The PCs in this case were not in an authoritative position to dispense legal justice.

John Morrow said:
Then why were the characters engaged in vigilante activity?

Your guess is as good as mine. The consequences of all this came up later.

John Morrow said:
I got my examples crossed. In this case, killing the guards doesn't sound justified. It sounds casual and sounds like they didn't make any attempt to establish whether these guards were particularly bad. That does show a lack of compunction for killing innocents. But I think that example differs substantially from the one that started the thread.

Yes, you're right. I probably shouldn't have derailed the thread this way.

John Morrow said:
Fair enough. And I agree with that, and I don't think "I'm Chaotic Neutral" necessarily means "I can do whatever I want" in the 3E SRD definition because both Chaotic and Neutral have boundaries.

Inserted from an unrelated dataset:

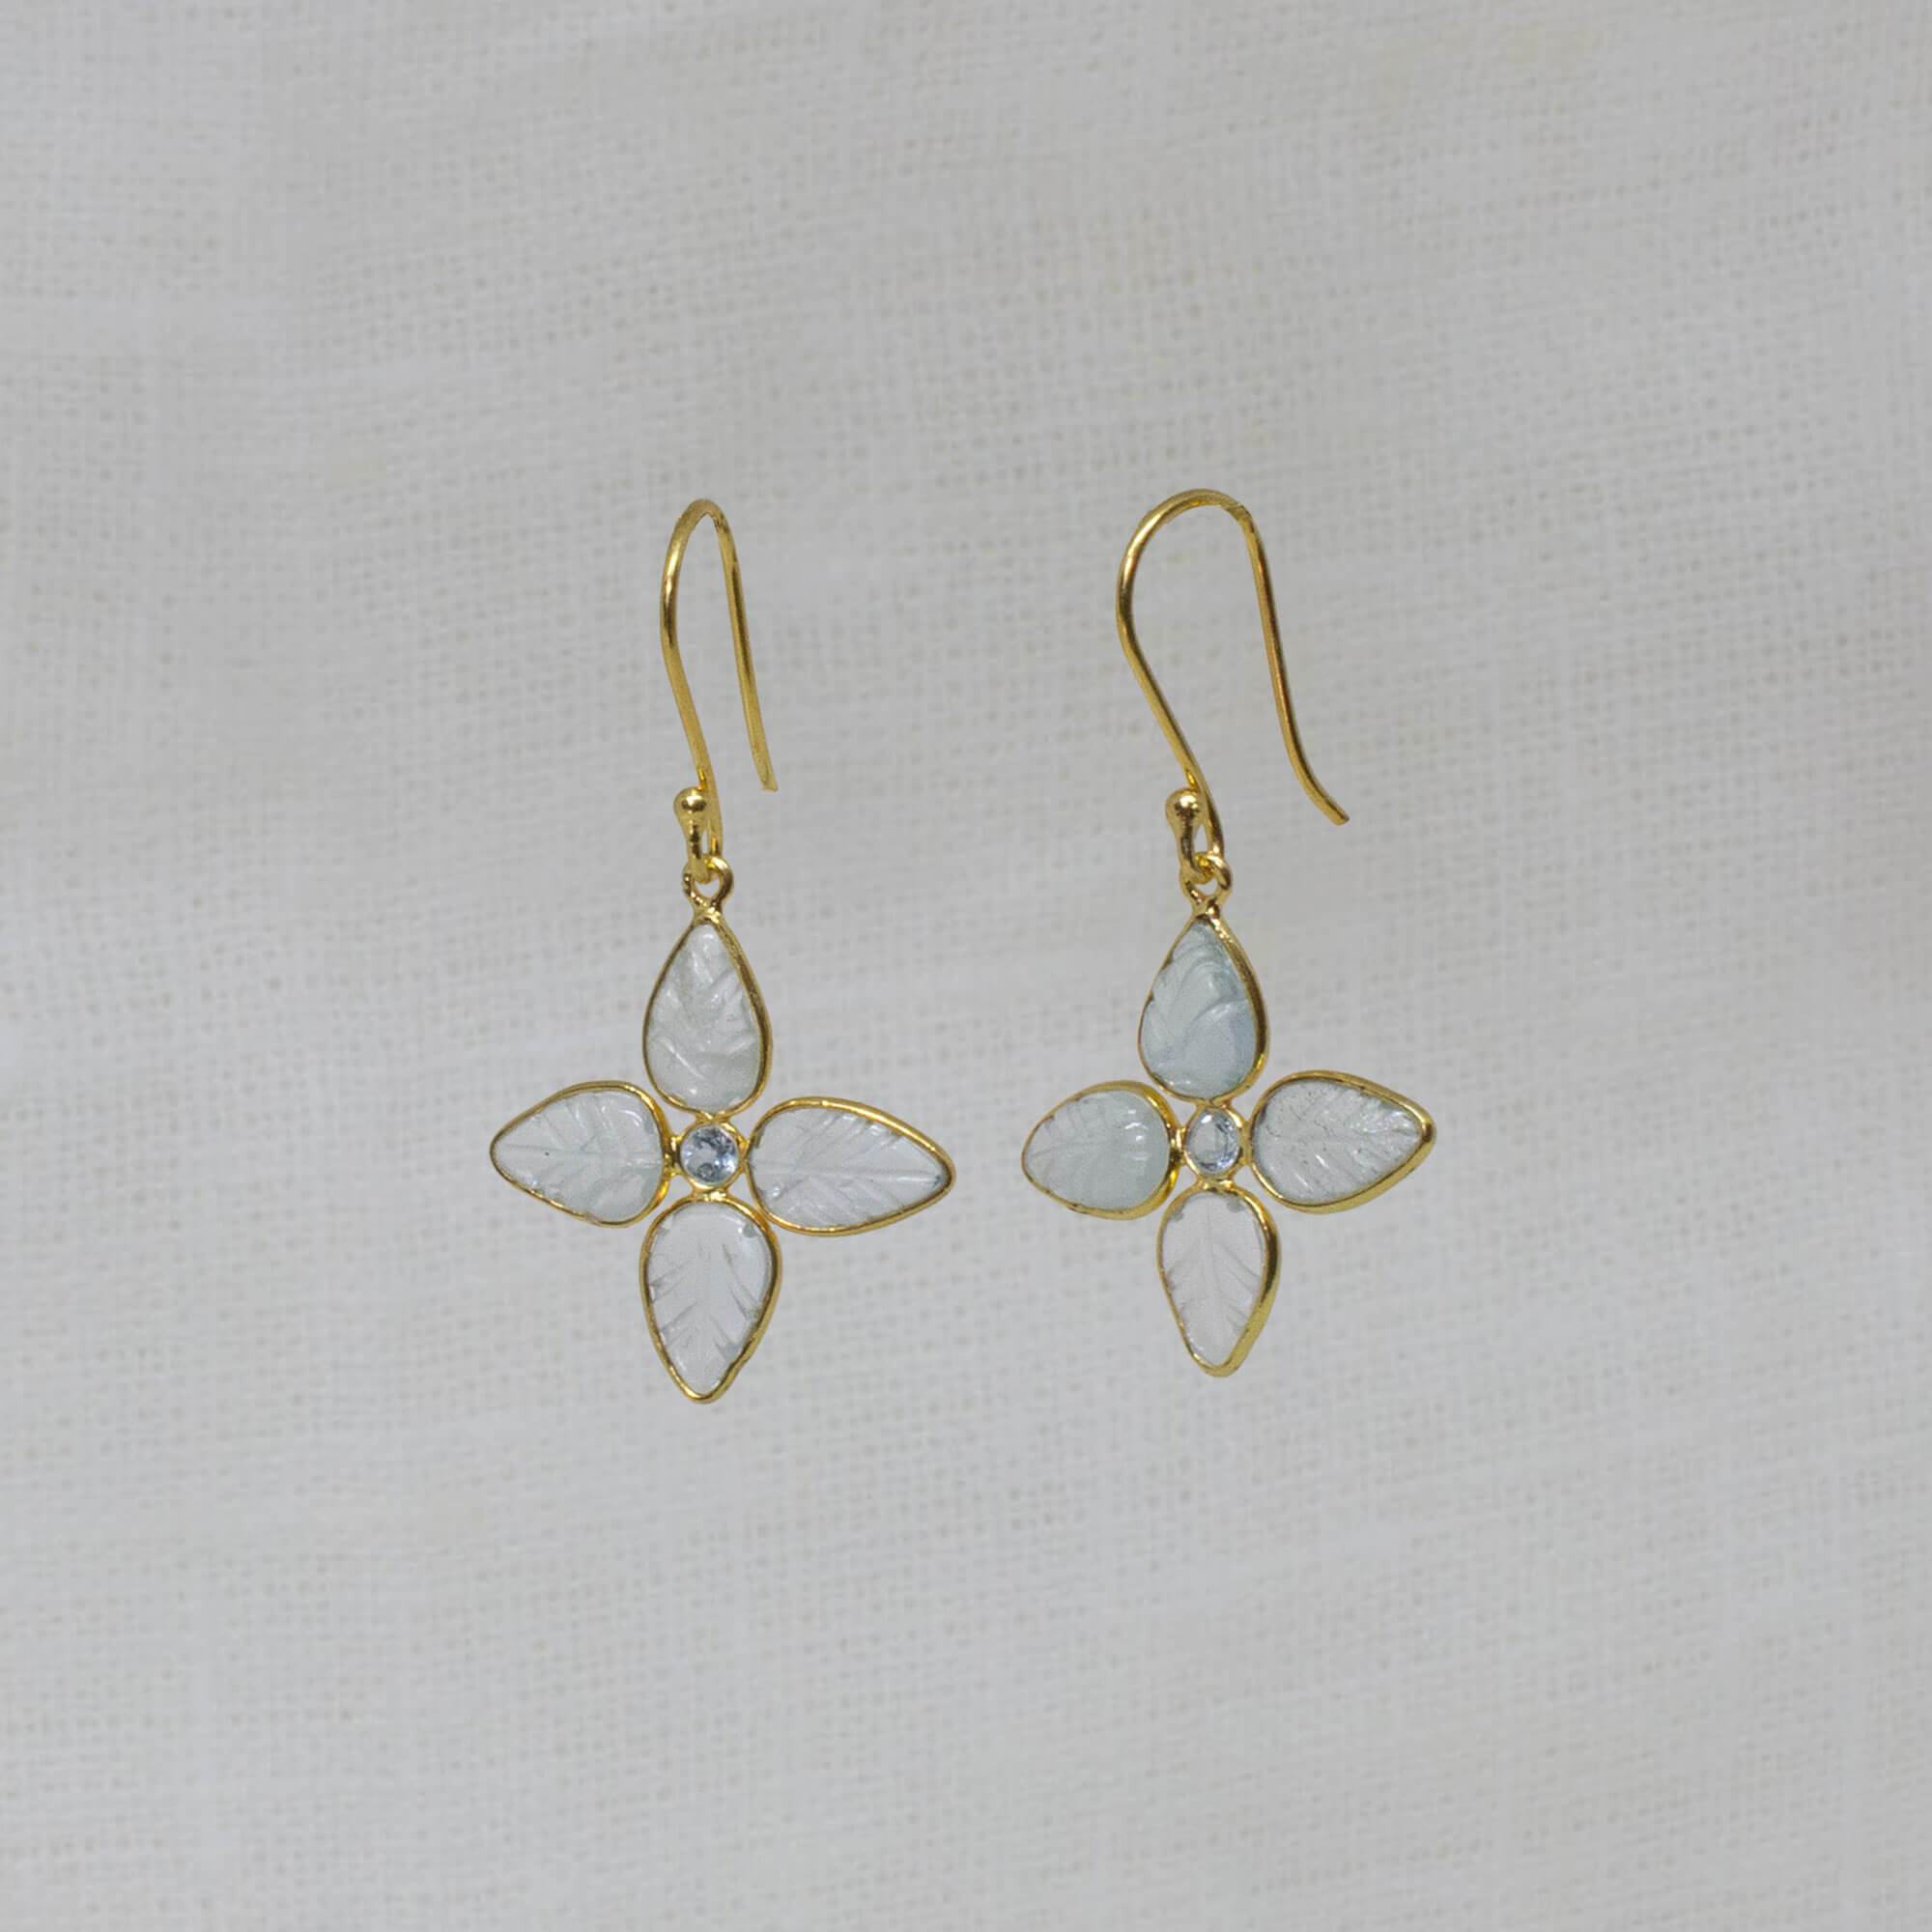 Carved aquamarine gemstone flower earrings in 18k gold vermeil - Beyond Biasa

I definitely don't think that and had made it quite clear before we started that I did not view the alignment that way. There were two players who wanted to use that alignment despite my speechifying about how I would not simply turn away and let CN characters act any way
they chose.


John Morrow said:
Yes, I think there are relative levels of cruelty, especially if killing is justified or necessary. There are always humane and cruel ways to kill.

Yes, there are. But, I think that being cruel is being cruel. Either you act cruelly or you don't.


John Morrow said:
I think it would be fair to call the player on having no compunctions against killing the innocent. Again, I got my signals crossed between the examples.

Cool - no problem.

John Morrow said:
Fair enough. I'm not advocating excuse making or abuse of the CN alignment. But the question remains whether the actions could fall within that alignment, independent of the excuse-making. That's what I'm trying to address. In my assessment, for Neutral to occupy a space between Good and Evil (rather than being a depthless dividing line), it needs to include characters that are "More good than absolute Neutral but still not quite Good" and characters that are "More evil than absolute Neutral but still not quite Evil".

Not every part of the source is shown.